3 months pregnant with cervical cancer

This winter MCN received a call from the American Cancer Society requesting assistance in getting services for Rosa Morales (not her real name), a pregnant migrant woman at the end of her first trimester. Rosa has cervical cancer.

Rosa, a 36 year old Mexican woman, migrated to the US eight years ago in search of a better life for herself. Rosa is one of the 12 million undocumented immigrants residing in the US. Rosa found a job at a fast food restaurant in California where she met her husband, Frank. He worked harvesting grapes. Frank is here with legal authorization. Frank and Rosa now have two US citizen children and they move periodically in search of better work. The family currently resides in Tennessee.

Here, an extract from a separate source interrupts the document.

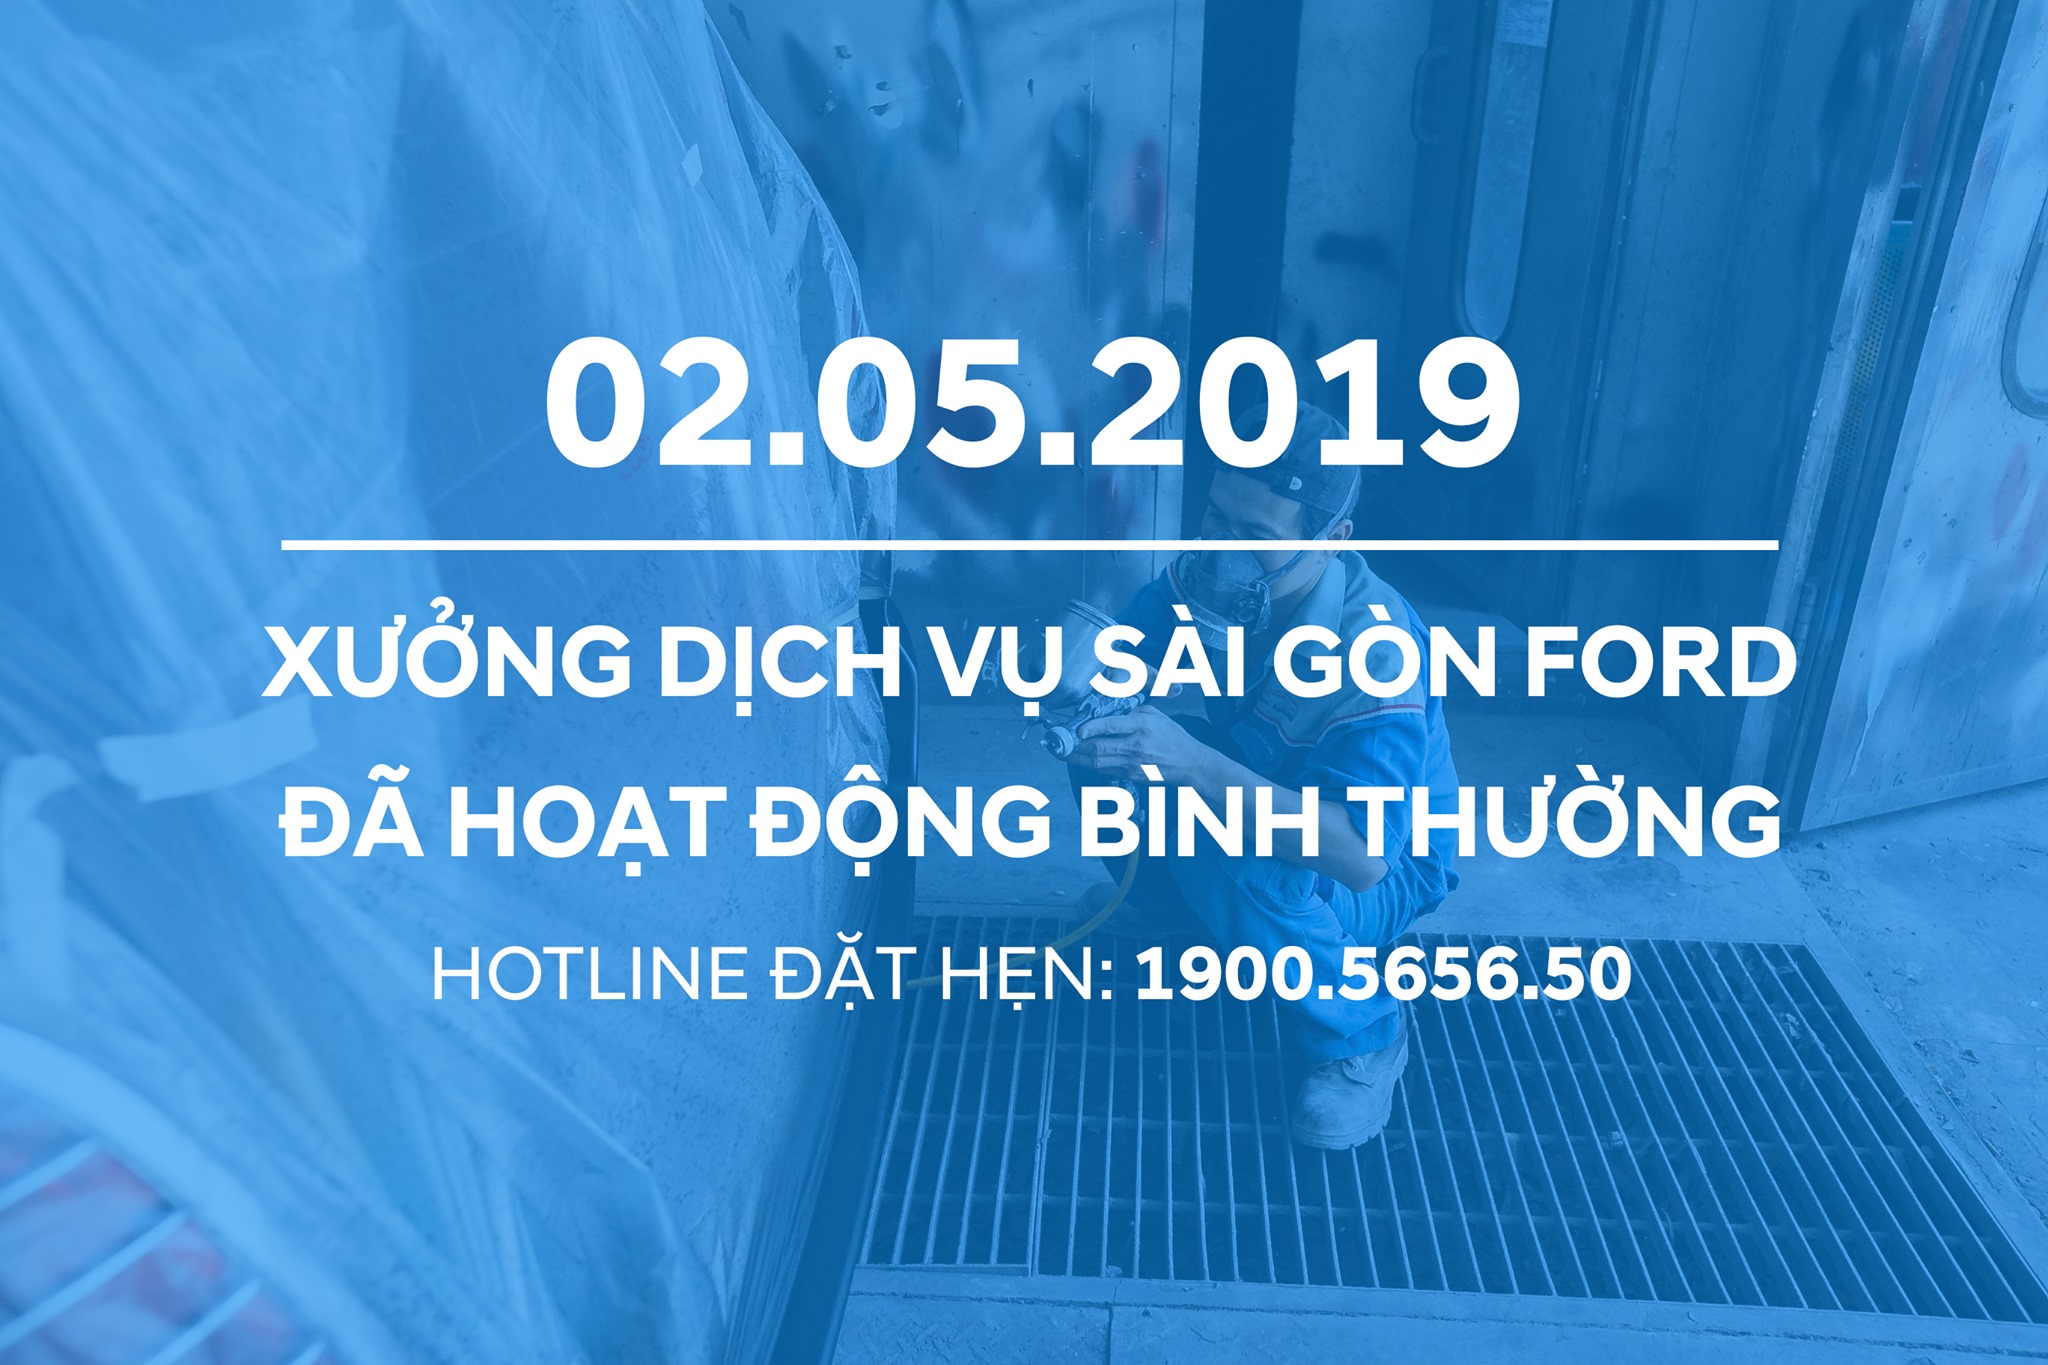 Hotline Đặt Lịch hẹn làm Dịch vụ sau Lễ tại các chi nhánh Sài Gòn Ford

In July of last year, Rosa got a Pap smear at the local health department. The results were abnormal. The health department assisted her in getting a colposcopy that confirmed the presence of cervical cancer, but they had no resources to help her get treatment. Due to the diagnosis, her contraception shots were no longer permitted. Rosa soon became pregnant. Treatment for her cervical cancer is not an option for Rosa until she delivers the baby. Moreover, her cancer makes her a “High Risk” pregnant woman who may only receive care from an ob-gyn physician, as opposed to receiving care at the local health department. The health department and the American Cancer Society could not find a provider to care for Rosa. Few providers would care for a high risk pregnant woman without insurance. And Rosa’s family simply doesn’t earn enough to pay for her healthcare or her insurance.

Frank is hardworking man who now makes a living at an automobile parts factory. He grosses $400 a week. But after taxes, health insurance payments (for himself and children) and child support to another a son from a previous marriage, Frank brings home $105 a week. Rosa does not qualify for his health care benefits. The family earns too much to qualify for food stamps or Medicaid. There is simply not enough money to pay for Rosa's care. When MCN contacted Rosa and asked about her diet, she cried and explained that often there just wasn't enough money to pay for food. That night she was not cooking anything for dinner.

Through MCN's Health Network Program, MCN offered the strong advocacy and groundwork needed to get Rosa healthcare. MCN located a local ob-gyn doctor who agreed to see Rosa for the set amount of $1200. MCN worked to find the funding for Rosa. Harvest of Hope, a national foundation contributed $300 for the first office visit. A local church donated $300 for the second visit and $100 for the ultra sound (the original price was $600 and MCN negotiated lowering the rate). An anonymous friend of MCN donated the reaming $600 for the complete pre-natal care. With the help of the social worker at the health department, MCN also arranged for the delivery of food and clothing for this family.

Thank you for helping MCN help Rosa and family!